Gas configuration in offline mode
Gas estimation is not performed automatically when building transactions offline.
You must explicitly provide:
setGasPayment(...)setGasBudget(...)setGasPrice(...)
If the gas budget is too low, the transaction will execute and fail with InsufficientGas, still incurring gas costs.
When building offline, it is recommended to over-provision the gas budget.
Decoding before signing (recommended)
Calling:
Transaction.from(unsignedTxBytes)
allows you to inspect the transaction contents in a human-readable form before signing. This is especially useful for:
- hardware wallet review
- audits
- external signers
- debugging incorrect inputs
This step mirrors the CLI’s --serialize-unsigned-transaction inspection flow.

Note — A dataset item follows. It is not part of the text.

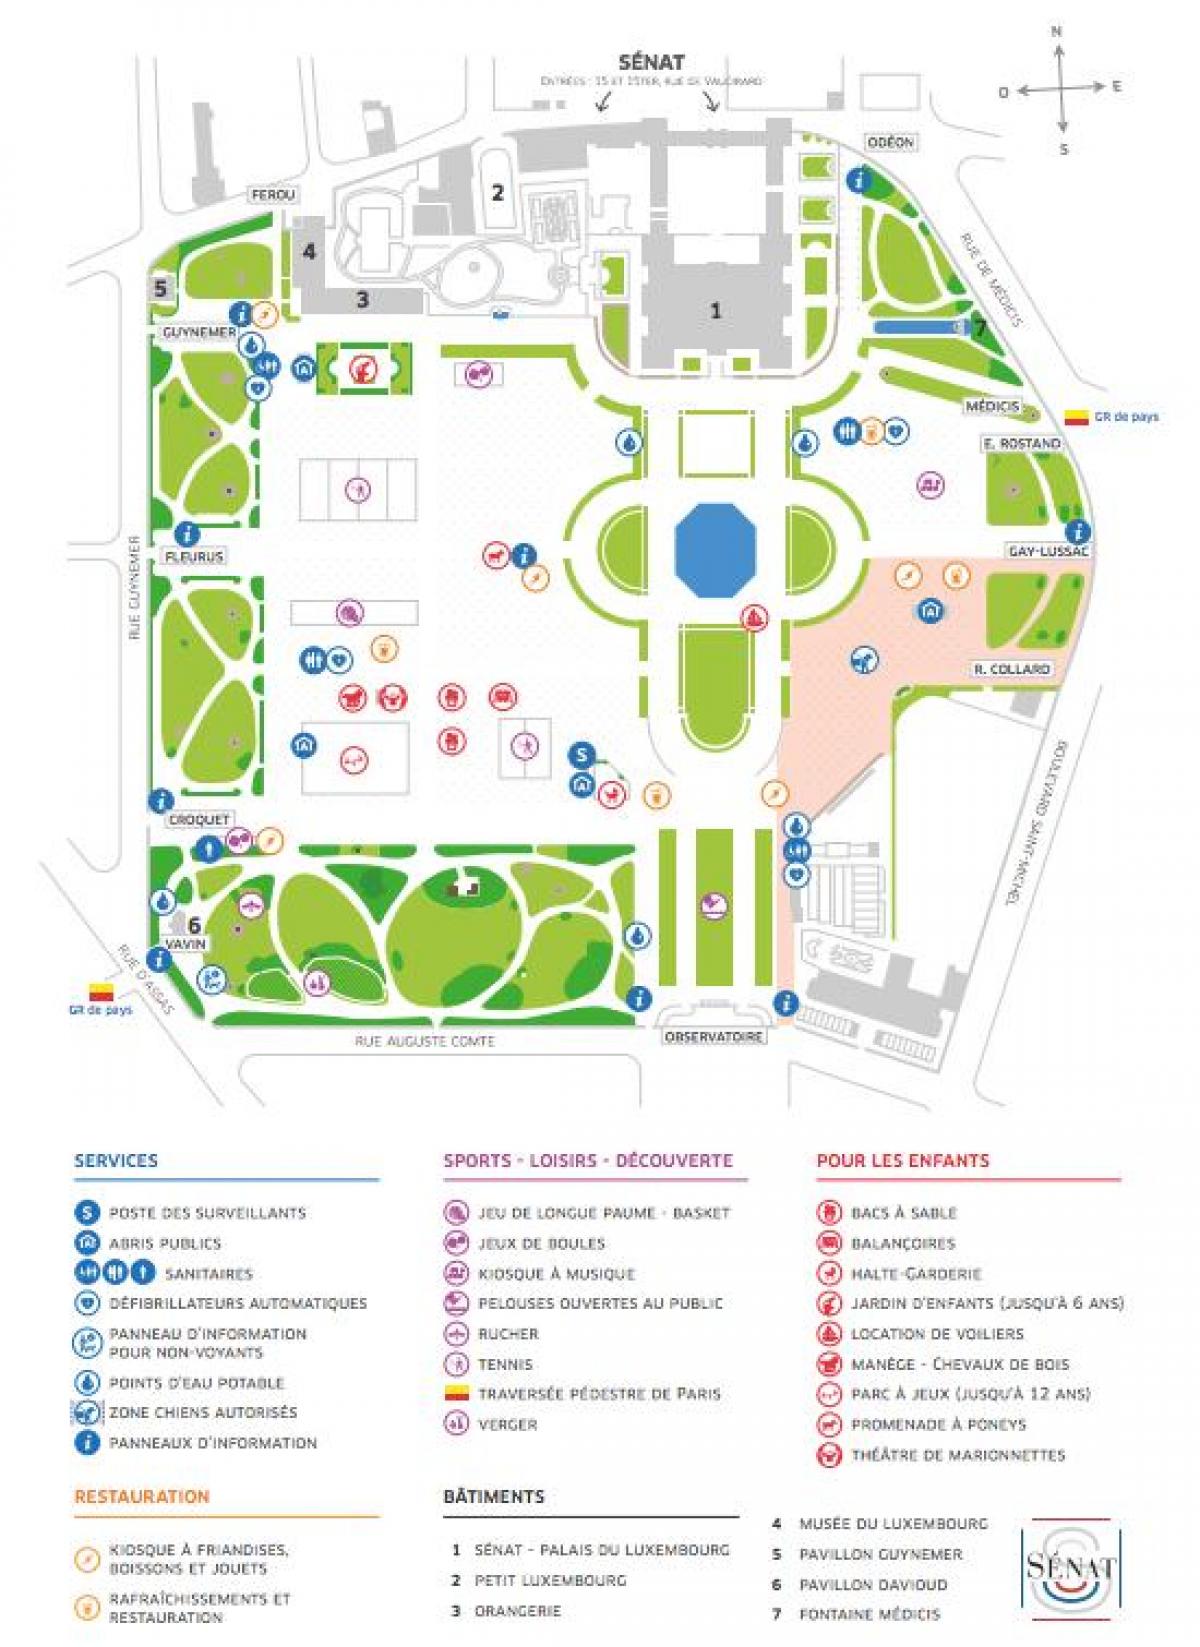 Map of The Jardin du Luxembourg

Offline transaction signing in IOTA follows the same core process in both the CLI and the TypeScript SDK: serialize the transaction data, sign it with intent awareness, and submit the signed transaction to the network. Both tools produce identical, protocol-level artifacts using the same BCS format and signature structure, ensuring full interoperability. The CLI is well suited for manual workflows and operational tasks, while the TypeScript SDK is ideal for applications, wallets, and services that require programmatic control and offline-only signing flows. Regardless of the tooling used, transactions provide the same security guarantees and execution semantics on the IOTA network.